Here’s what the appropriations bill says (the final report mentioned would be the as-yet-unissued report from the recently concluded study of safety effects of the pre-change restart versus the post-change, limited restart):
None of the funds appropriated or otherwise made available by this Act or any other Act may be used to implement, administer, or enforce sections 395.3(c) and 395.3(d) of title 49, Code of Federal Regulations, and such section shall have no force or effect on submission of the final report issued by the Secretary…
That’s the key part of this, and what exactly does 395.3(c) and 395.3(d) refer to? Those are, essentially, everything in the regulations pertaining to the restart. And since the appropriations bill’s language doesn’t specify an alternative to those regulations, as the Truckload Carriers Association noted this afternoon in a message to members…
…then there is no restart provision to abide by.

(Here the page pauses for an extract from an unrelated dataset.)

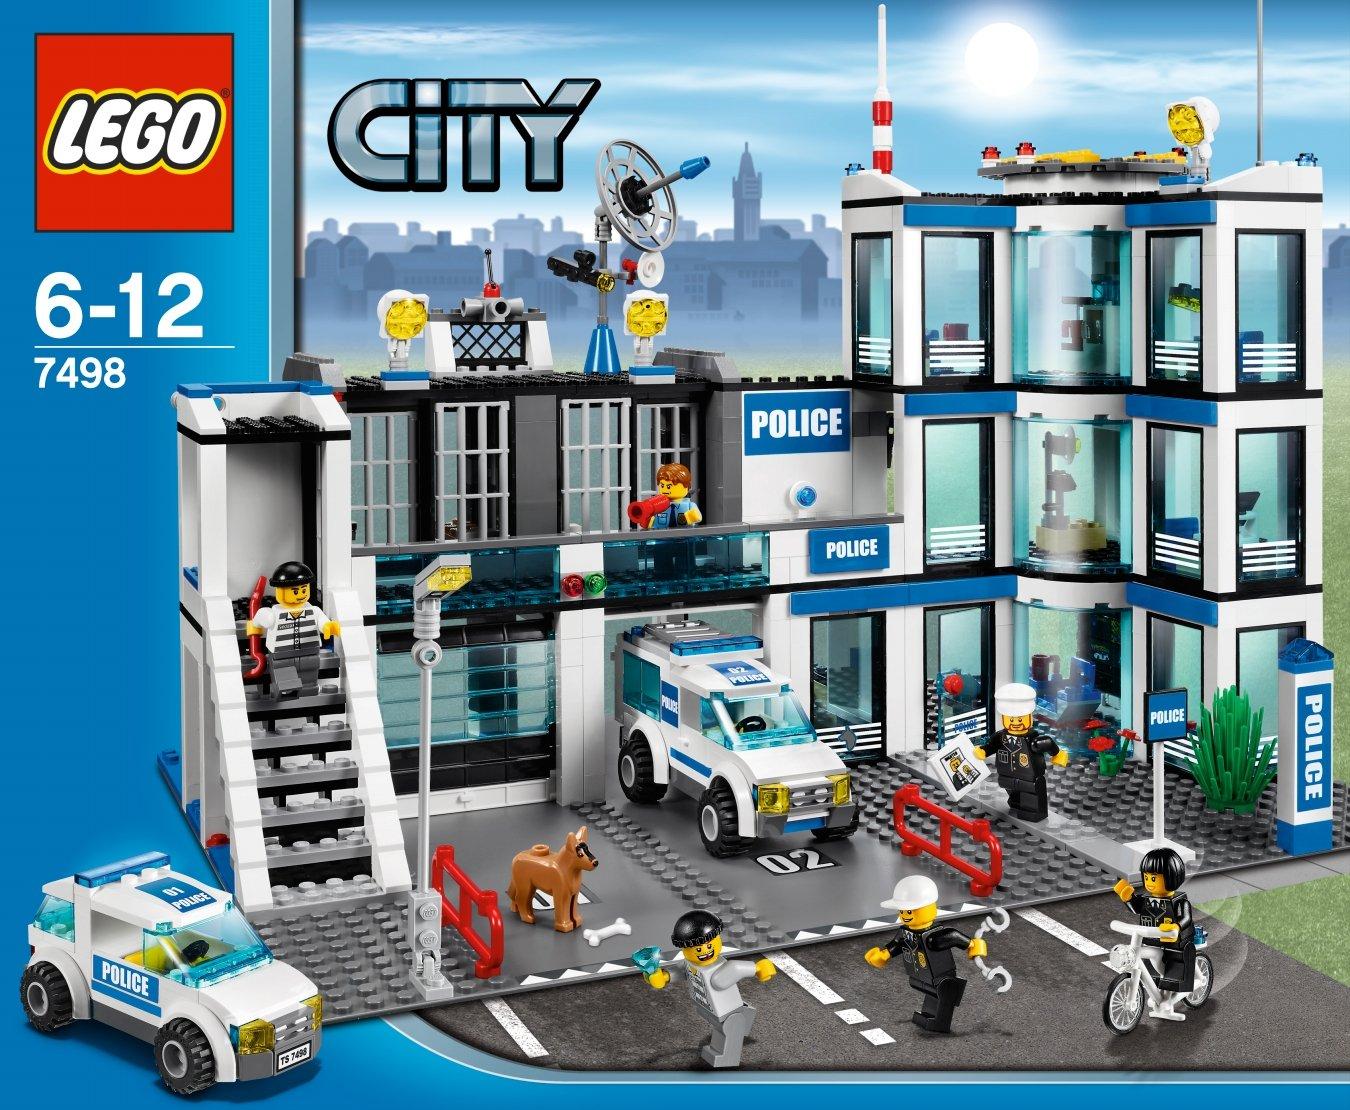 Lego City 7498 Police Station Lego City Amazon Toys Games

That’s DOT’s recent interpretation at least, according to TCA. Now, before you go back to recapping entirely, take note of the rest of that message from TCA:
As discussions around this issue remain fluid, we are instructing our carrier members to keep their fleets operating as they have always been as members of Congress seek to reach an agreement on the best way to proceed. In an email to its Executive Committee, of which TCA is part, ATA has put forth options which they can use to negotiate with lawmakers. Of those options, the parties involved, including TCA representatives, have selected what ATA perceives to be the most flexible option on the table. The selected option consists of the following:
Total weekly cap of 75 hours in any 7 calendar days
- Retains 60/7, 70/8 rules.
- Taking an off-duty period of 34 consecutive hours or more allows the driver to exceed the 60/7 & 70/8 limits, up to the 75-hour, 7-calendar-day cap.
We’ll update more when we have word of any final solution, as changes wouldn’t go into effect until certified by DOT in concert with lawmakers. As TCA noted, “as of today, we are continuing to operate as we did yesterday.”
At once, reminds me of Tom Strese‘s sage words from about a year ago as the exemptions to the milk-and-cookie break really started to pile up: If we’re not careful, Strese said, “pretty soon our HOS rules are going to look like the tax code.”